Tuesday, January 5, 2010

Sentences to Ponder

. Tuesday, January 5, 2010

At least, I've been thinking about them for days:

Sovereign debt defaults look like they will be the next part of the financial crisis, unless you believe that sovereigns are much more constrained now than there were during the 1980s. I'm sympathetic to the constraint view, but I make no claims about debt load analysis, and I am, after all, a lawyer. Anyway, if I'm right, it will be a triumph of international law and international institutions (particularly the World Bank and IMF). If I'm wrong (and many macroeconomists would bet against me), then it will be bad news, etc.

That's David Zaring. Yesterday, Felix Salmon discussed Ecuador's default from last summer.

Sovereign debt defaults have often occurred because of exchange rate volatility, where the debt is denominated in a foreign currency so an exchange rate depreciation can make servicing the debt painful or impossible. But we may be entering an era in which states default on debt that is denominated in their own currency, but in which they have no monetary policy autonomy. Ecuador is a dollarized economy, and I've previously discussed the implications for the eurozone of a Greek default. Has there ever been a series of defaults when the debt is locally-denominated?

Back to Zaring's question, I really don't know if states are more constrained now than in the past. I would doubt it. In fact, to the extent that more states are democratic now than in the past, I would expect more defaults rather than fewer, since political incentives in democracies are to trade off long-run concerns for short-run concerns.

On the other hand, the fragility of the international system and the greater interconnectivity of debt markets might work together to make defaults scarcer. Abu Dhabi recently came to the rescue of Dubai, and it is not inconceivable that the E.U. will work out some sort of bailout with member countries who are in danger of default similar to how the U.S. is working to bail out several of its member states by nationalizing local debt (e.g.
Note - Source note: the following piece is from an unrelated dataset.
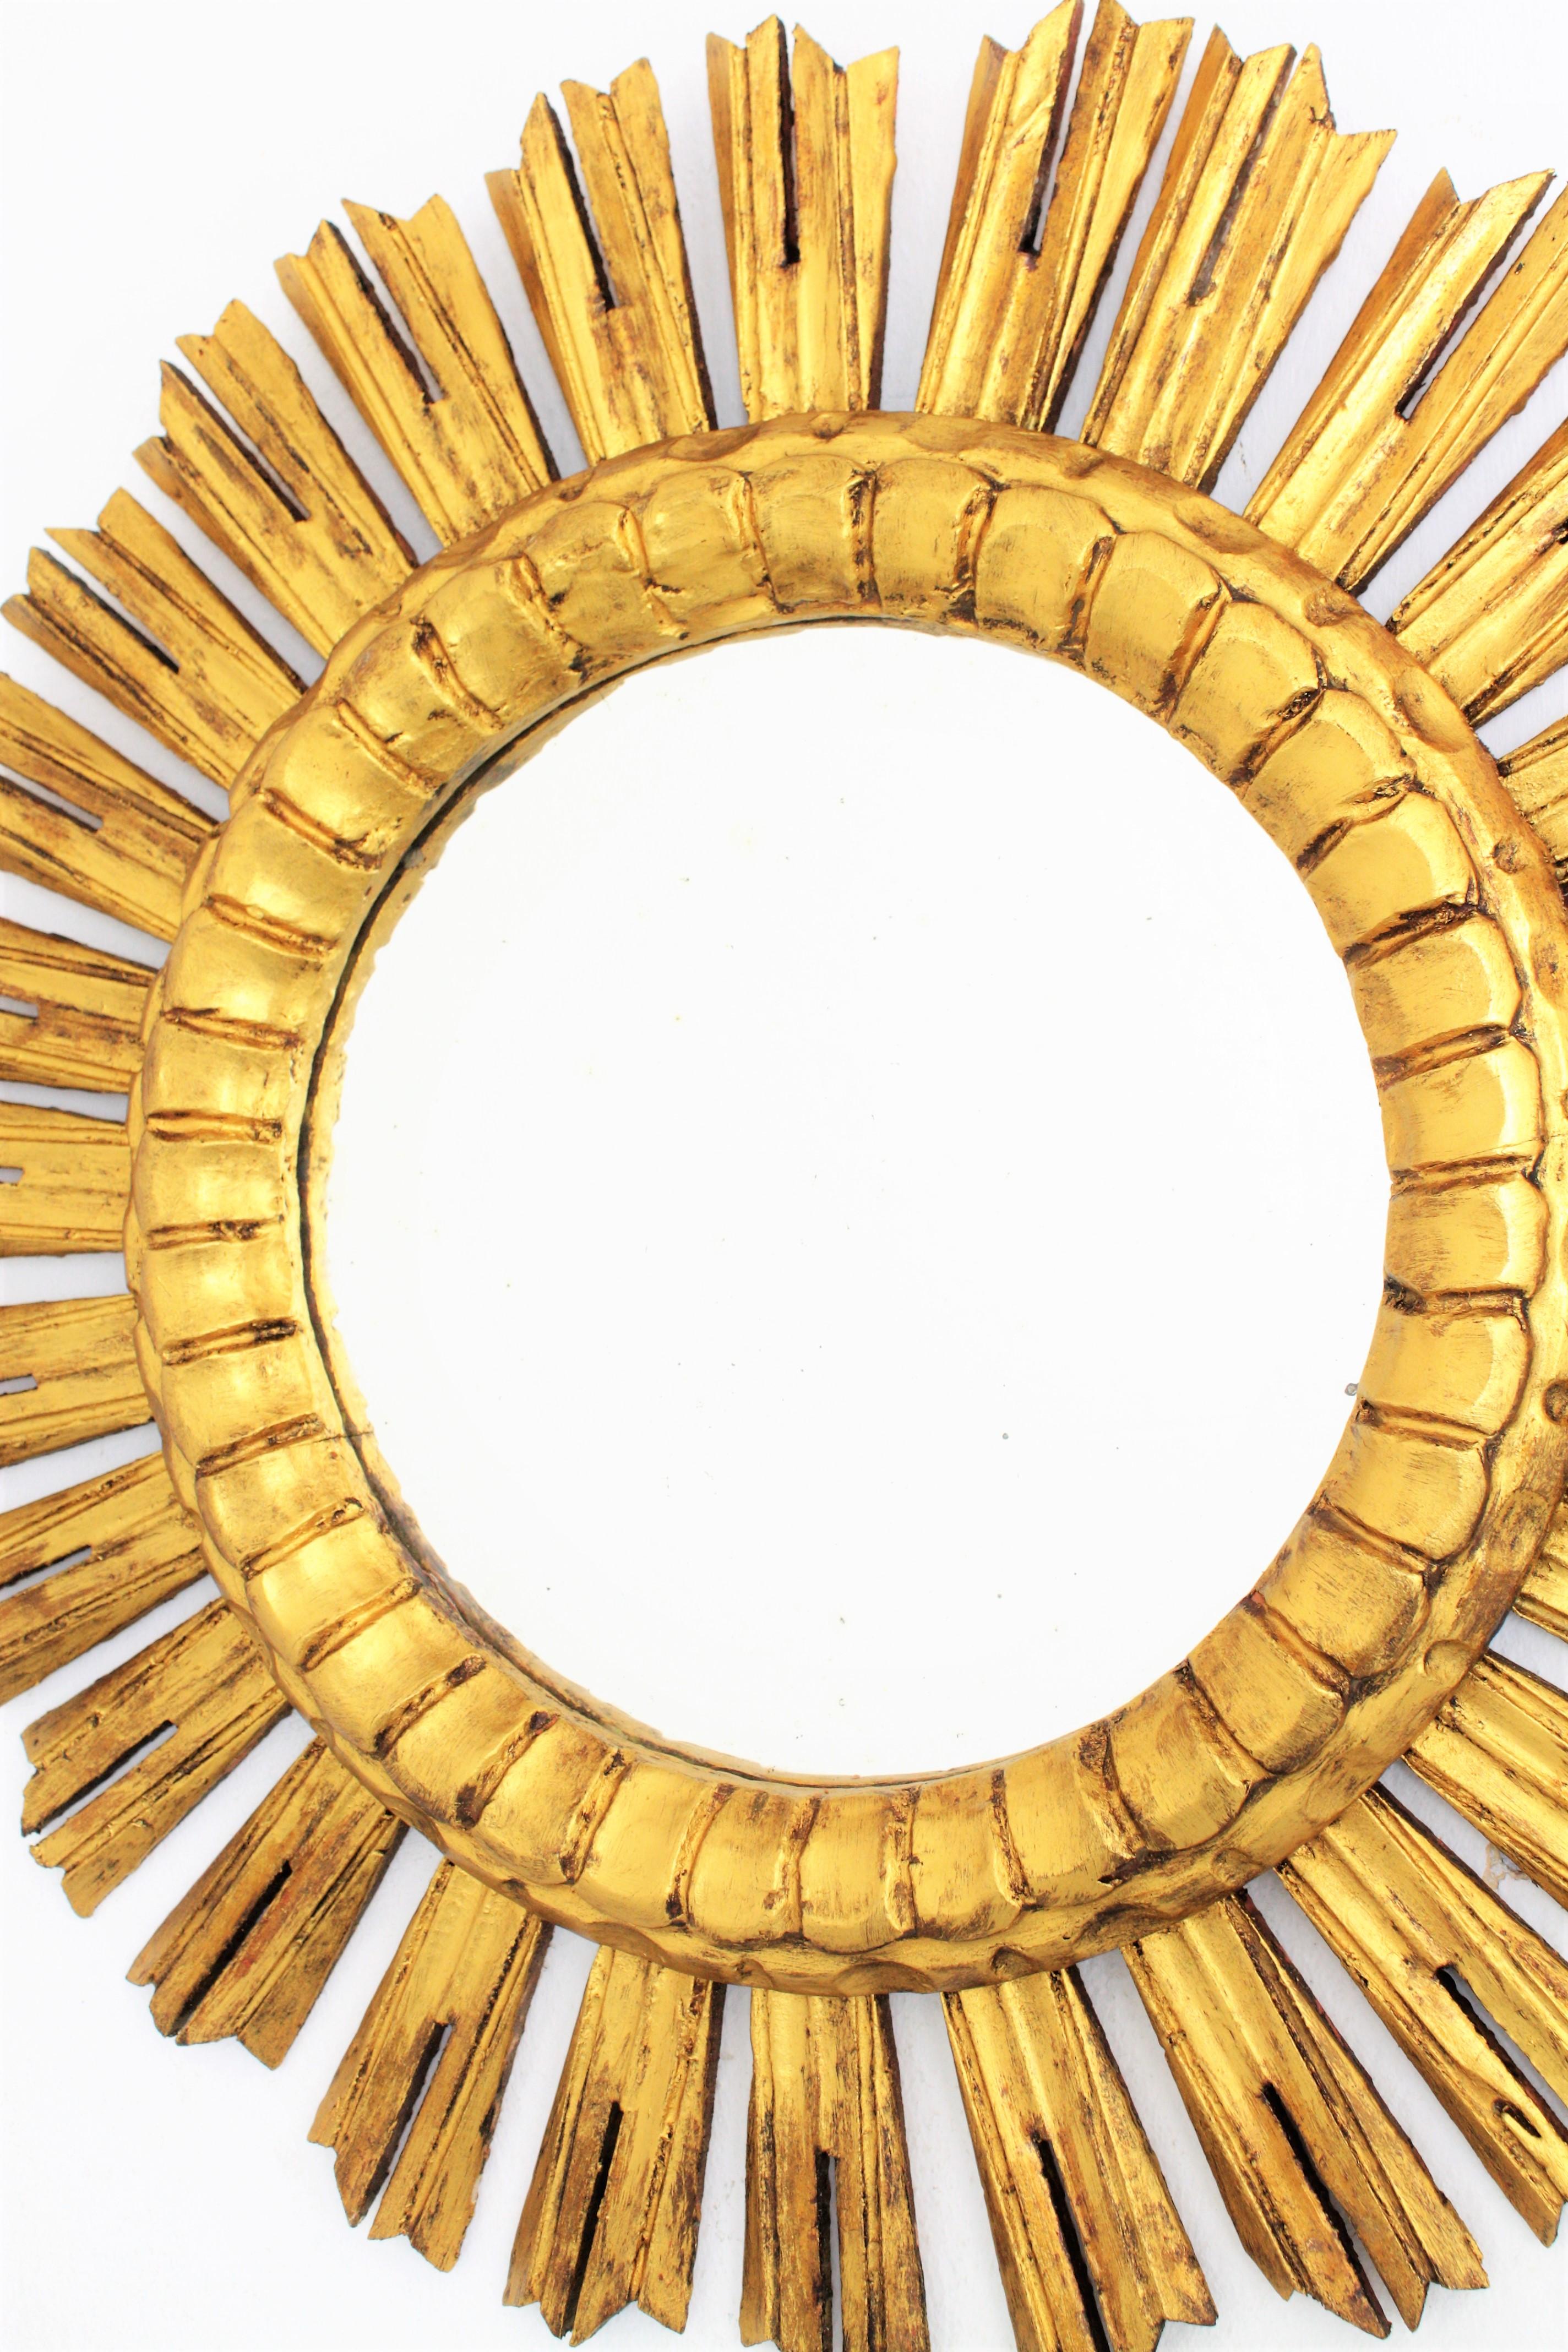 20th Century Sunburst Mirror in Carved Giltwood in Baroque Style, France, 1930s For Sale

California, Illinois). And of course large importing markets will find it somewhat easy to get financing from large exporting markets, so that should prevent any defaults in major economies.

But in general I do expect greater pressure on sovereign debt servicing in the coming year, and I agree with Zaring that it will be interesting to see how that pressure is alleviated.


awolfe said...

Reinhart and Rogoff document a series of local currency sovereign defaults, and argue the "hidden" problem may be a large contributor to the decision to default on external debt. So a series of local debt defaults would not be exceptional, just the norm.